------ SOURCE MATERIAL ------
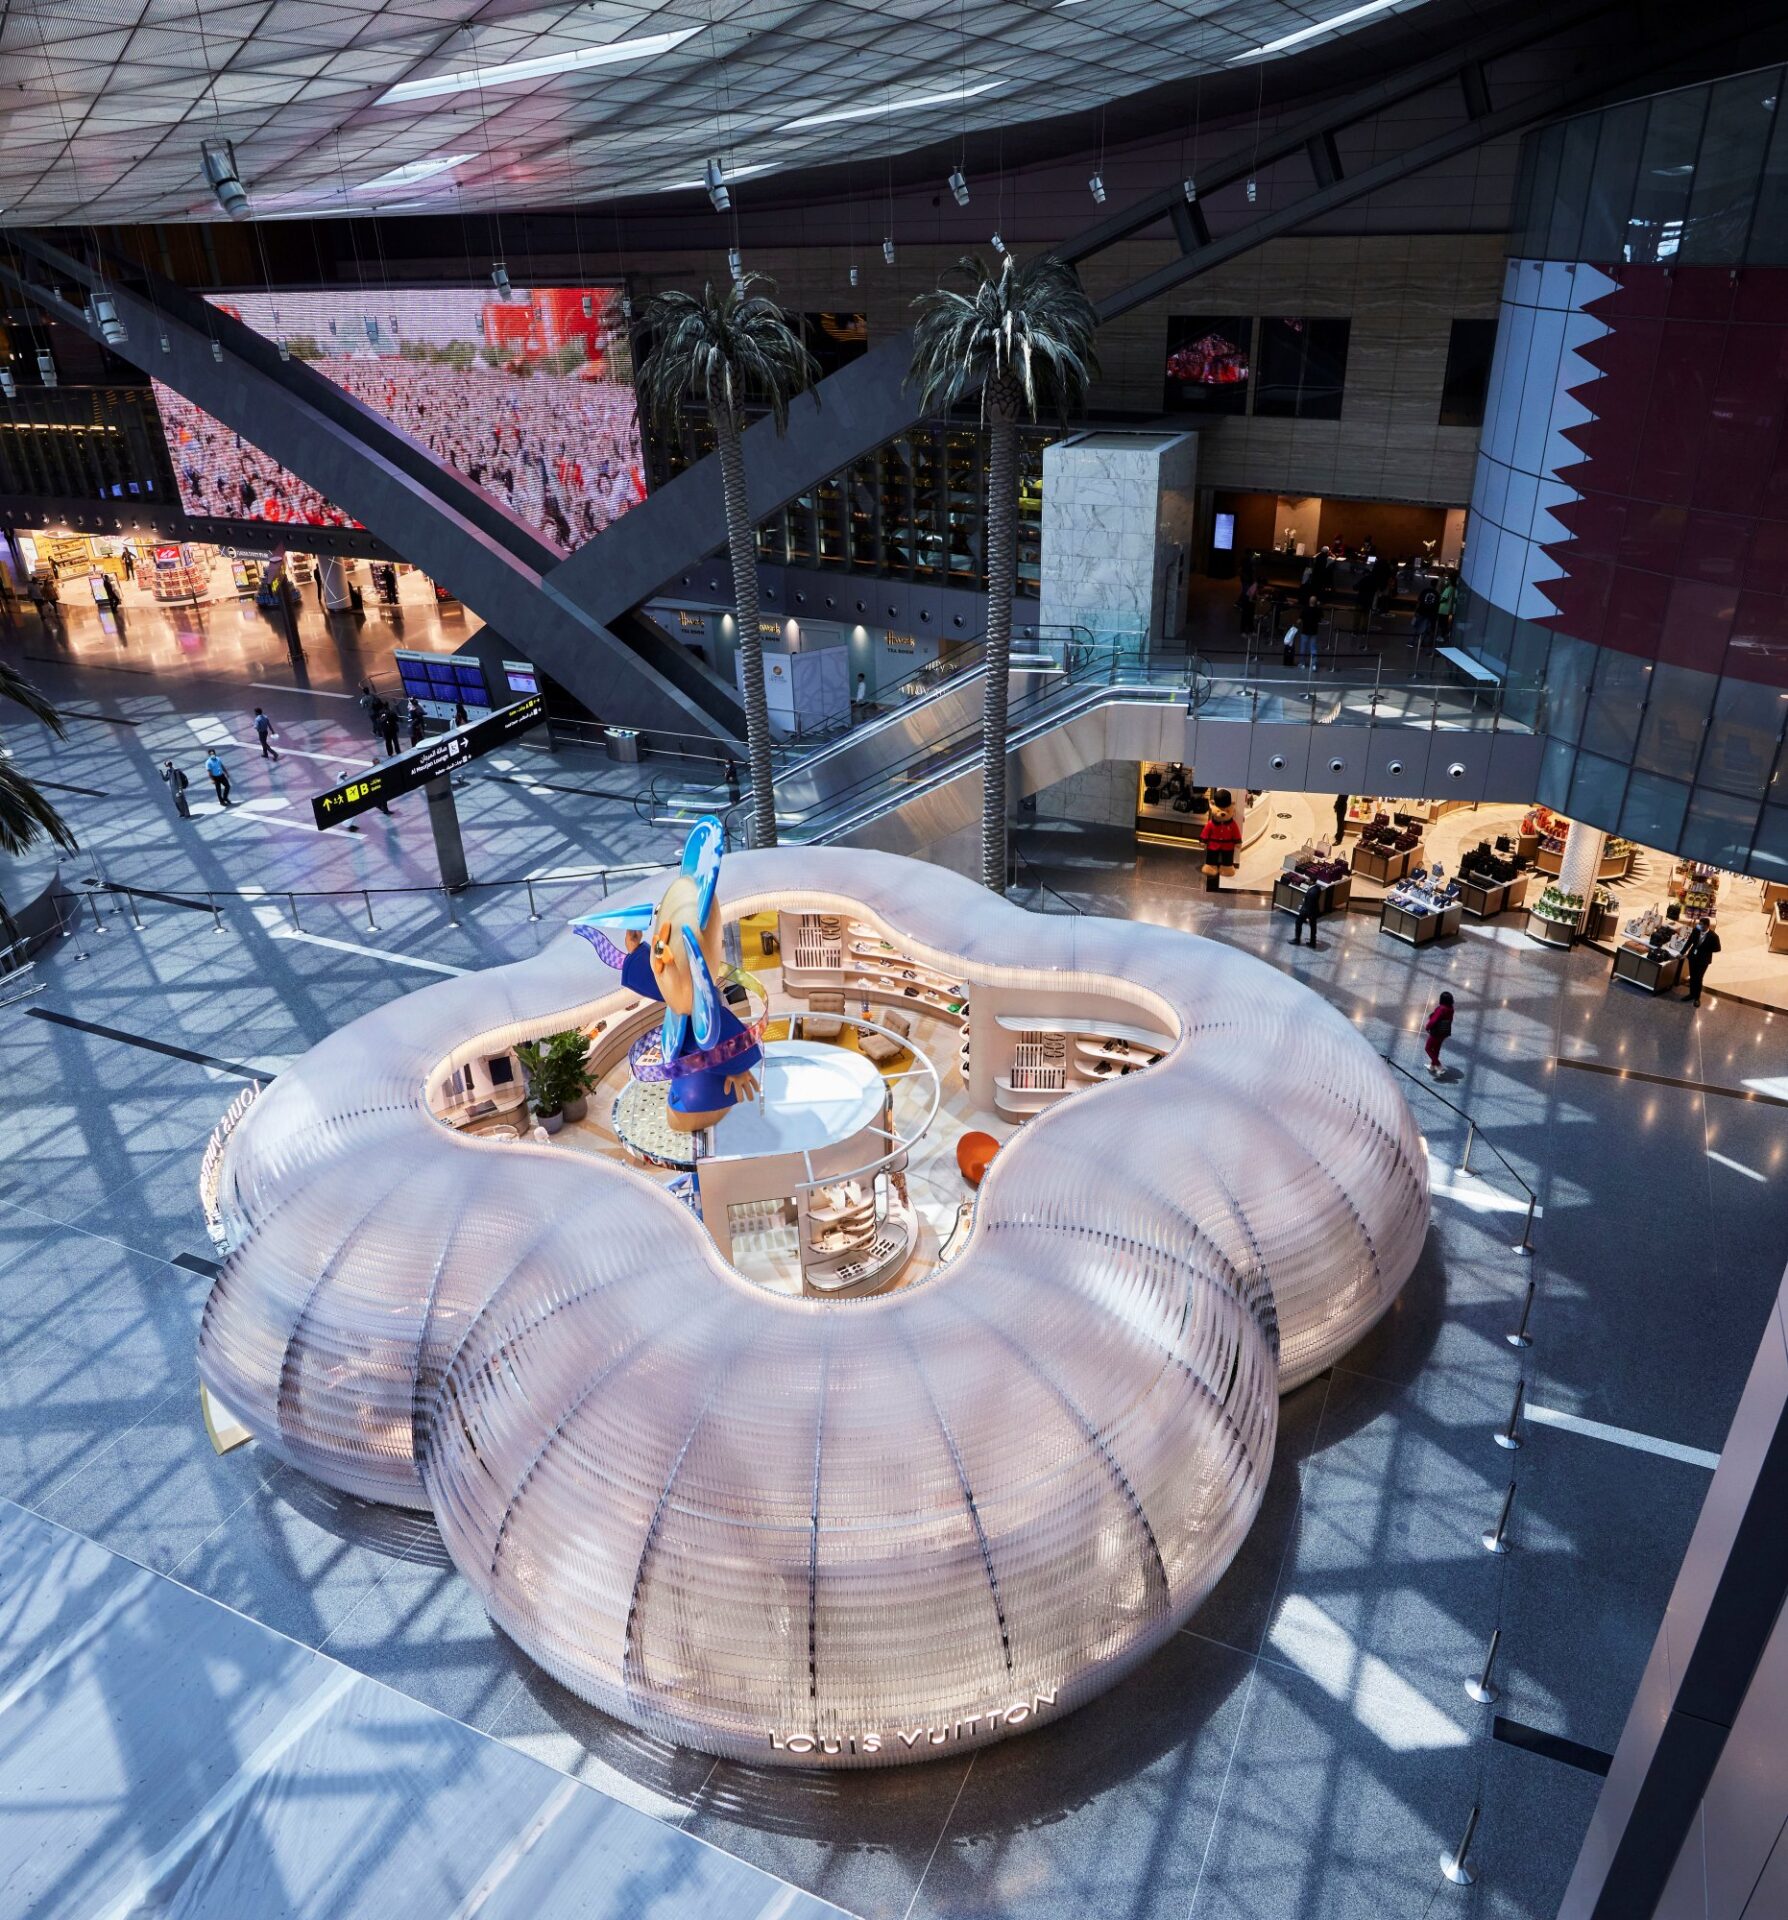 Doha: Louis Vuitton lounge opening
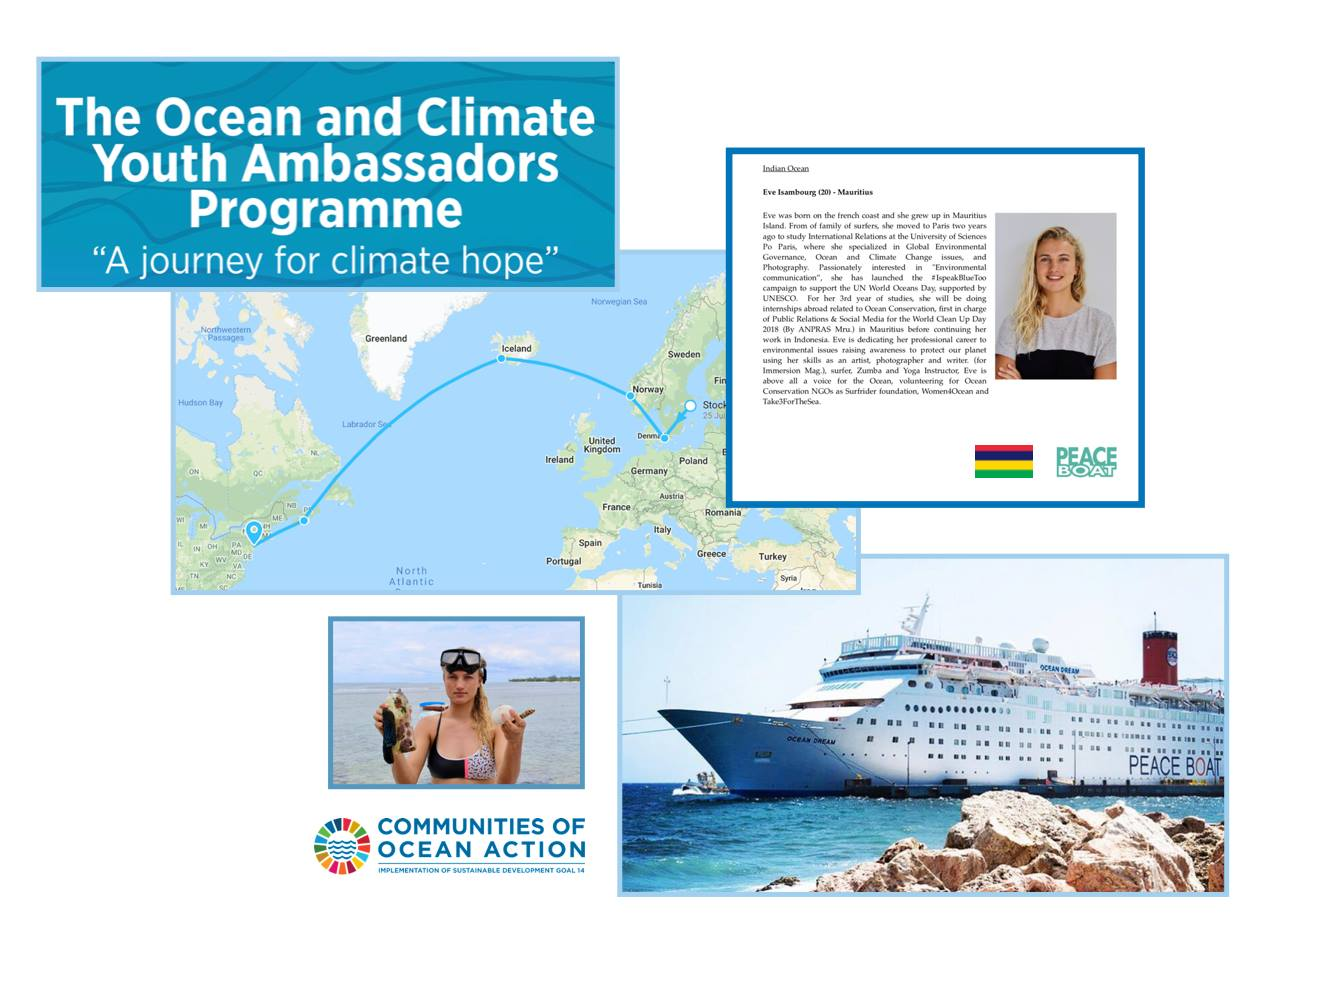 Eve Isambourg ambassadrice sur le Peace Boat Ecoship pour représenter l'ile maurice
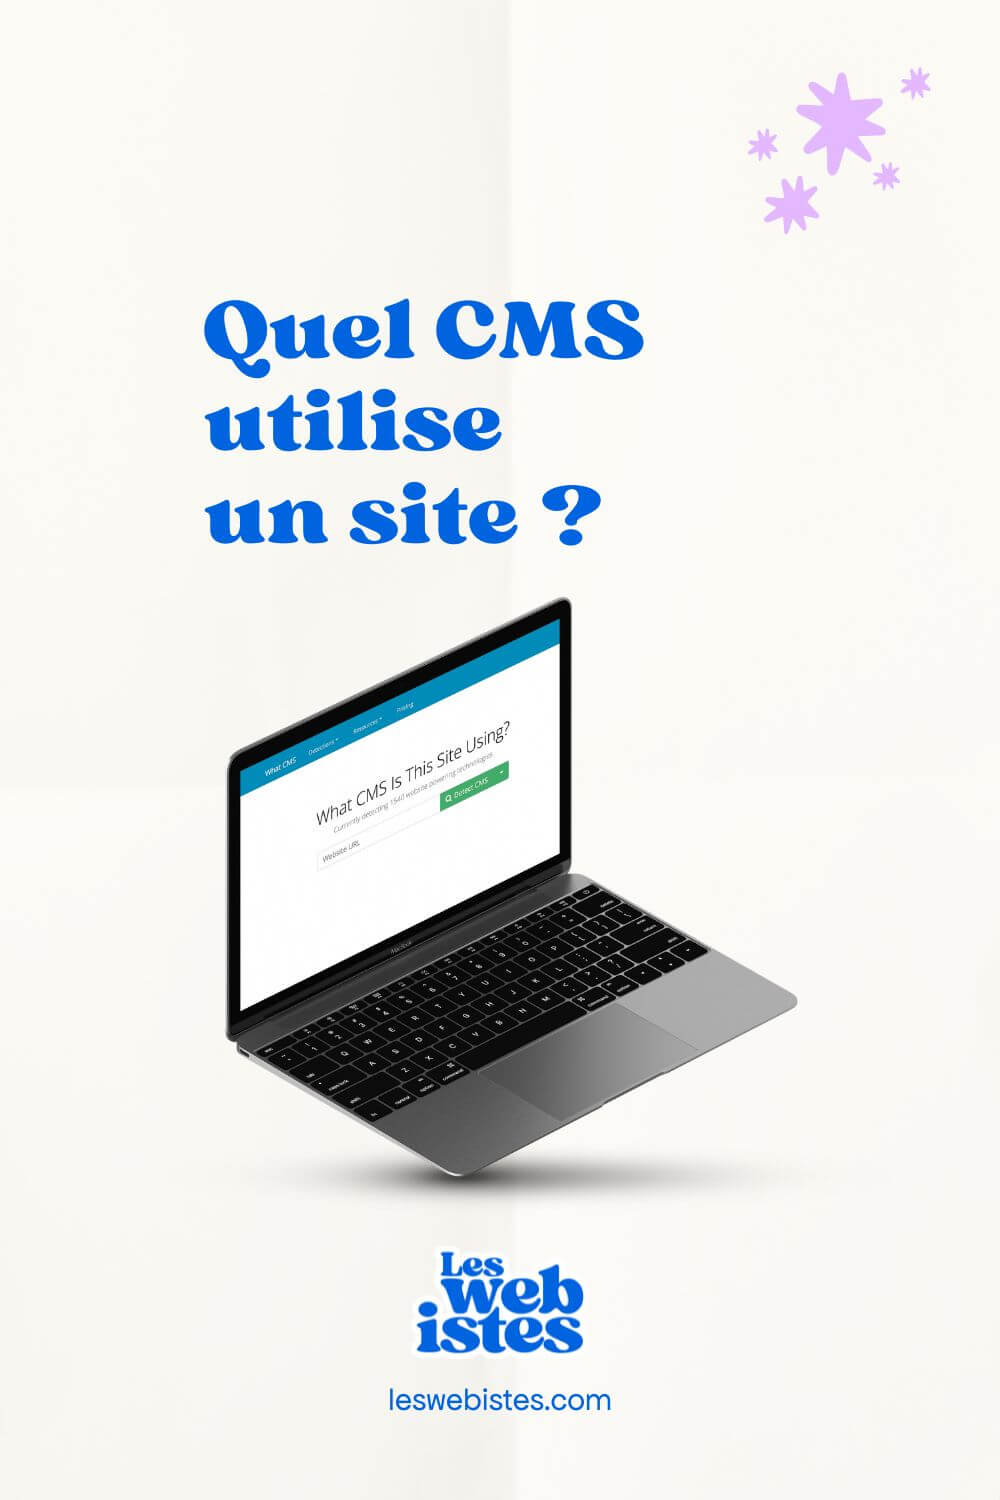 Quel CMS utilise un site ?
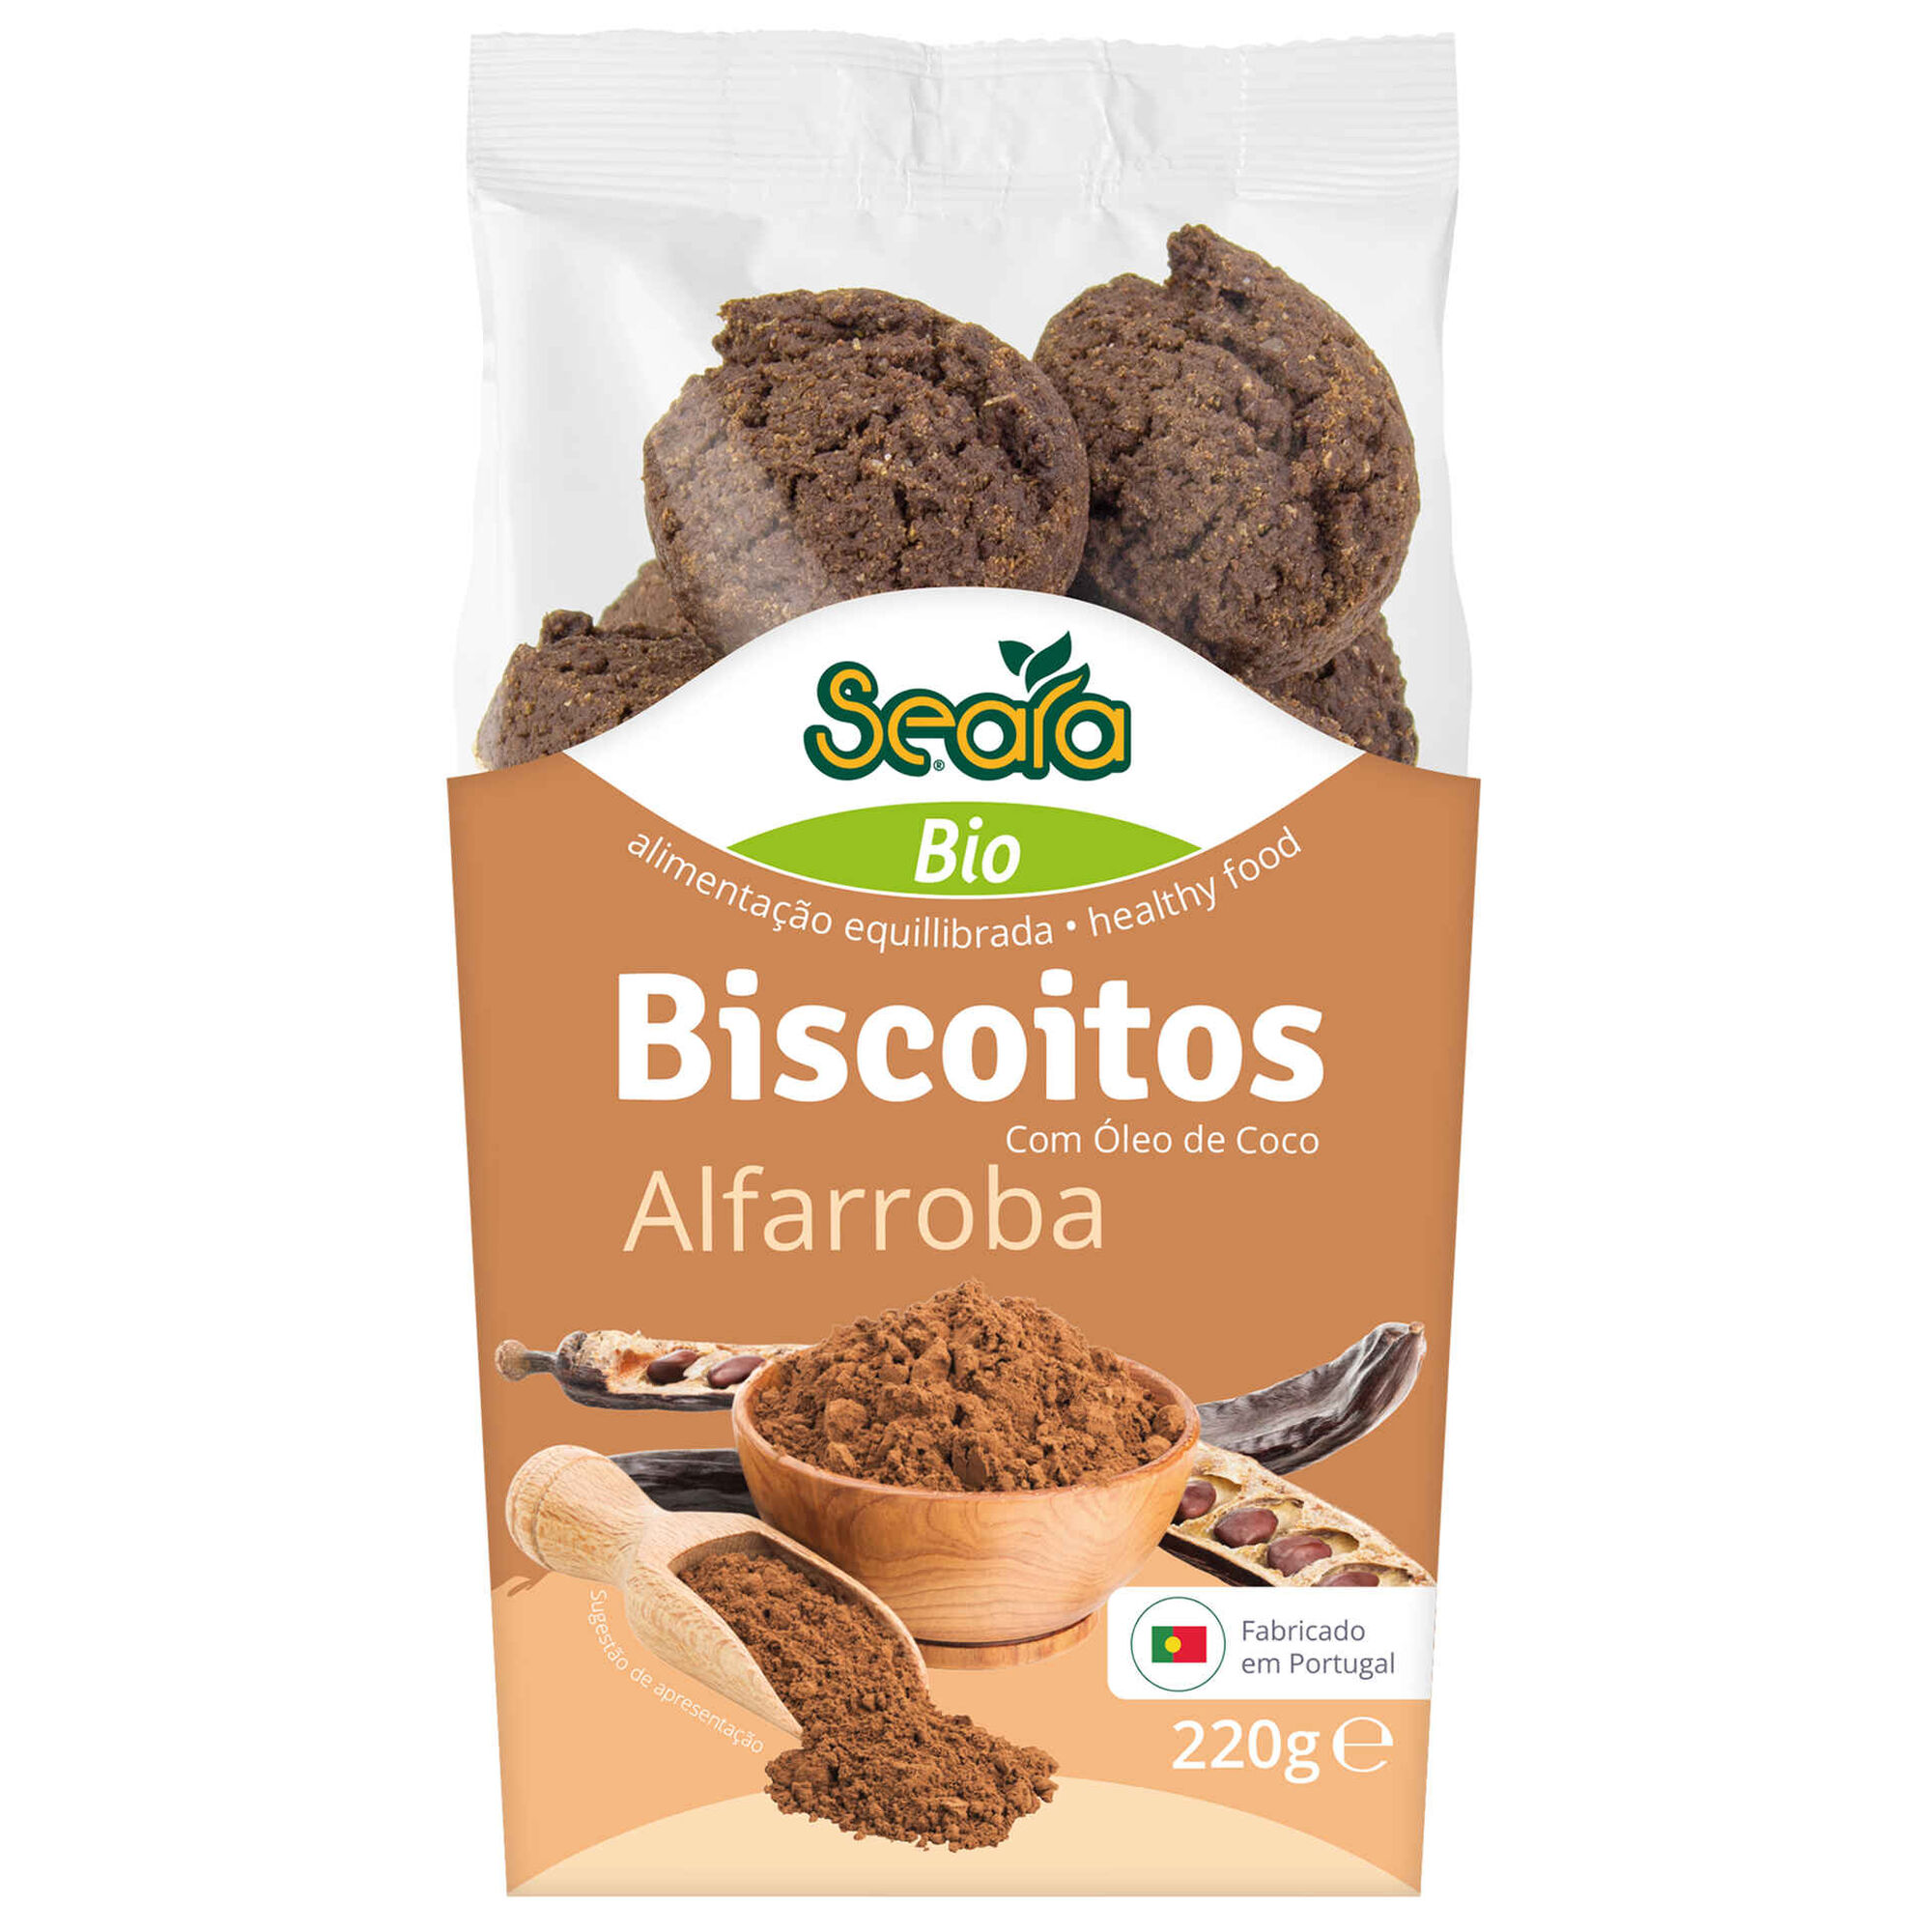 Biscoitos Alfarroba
------
HOW TO COMPLETE THIS TASK>
From the line with "Eve Isambourg ambassadrice" through the end of the listing, write out every line exactly, leaving out the pictures.

TASK RESPONSE>
 Eve Isambourg ambassadrice sur le Peace Boat Ecoship pour représenter l'ile maurice
 Quel CMS utilise un site ?
 Biscoitos Alfarroba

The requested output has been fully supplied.